- Genre: Documentary
- Presented by: Andrew Graham-Dixon
- Country of origin: United Kingdom
- Original language: English

Production
- Running time: 60 minutes

Original release
- Network: Channel 4
- Release: November 2006

= 100% English =

British television programme

100% English is a Channel 4 television programme shown in November 2006 in the United Kingdom. It looked at the genetic makeup of English people who considered themselves to be ethnically English and found that while all had an ethnic makeup similar to people of European descent, a minority discovered genetic markers from North Africa and the Middle East from several generations before they were born. The presenter was Andrew Graham-Dixon. The test results were interpreted by DNAPrint Genomics, based in Sarasota, Florida, United States.

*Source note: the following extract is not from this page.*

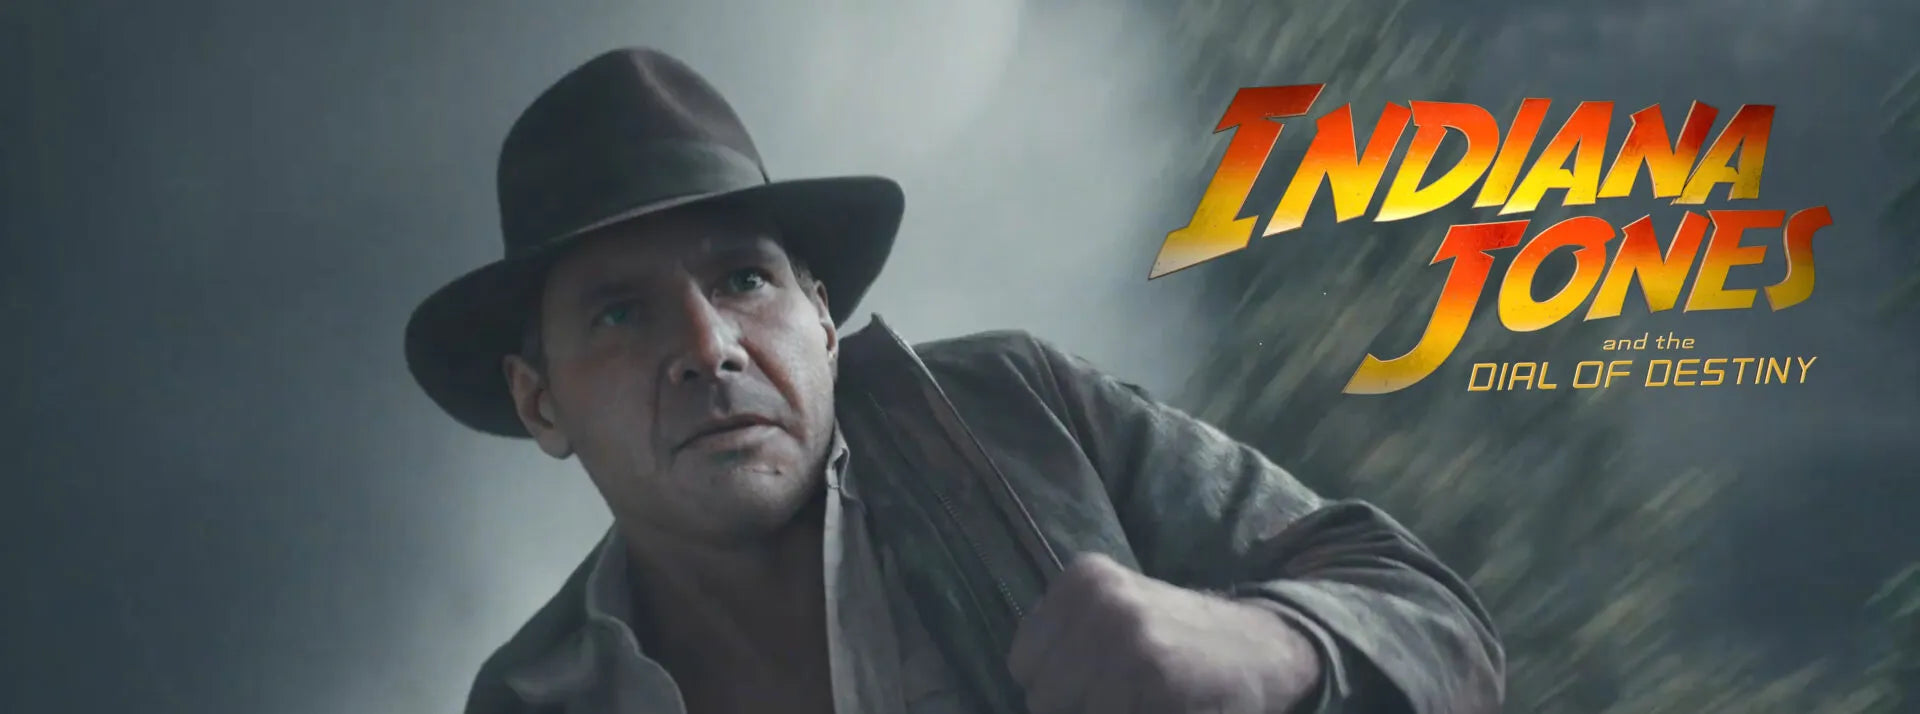 Indiana Jones Hat New Movie the Dial of Destiny

The concept of the show was to:

Take eight people – all of whom are convinced they are 100% English. Then submit a sample of their DNA to a series of state-of-the-art tests ... Lord Tebbit, Garry Bushell and Carol Thatcher are among the participants who have agreed to place their genetic make-up under the microscope ...

Garry Bushell, who appeared on the show, later criticised the slant of the programme and the portrayal of English people. On his website he stated: "Only Nazis, and it appears C4, think of national identity in terms of racial purity ... Besides, you could apply the same tests to the French, Greeks, or Italians and get similar results, but no-one questions their right to nationhood."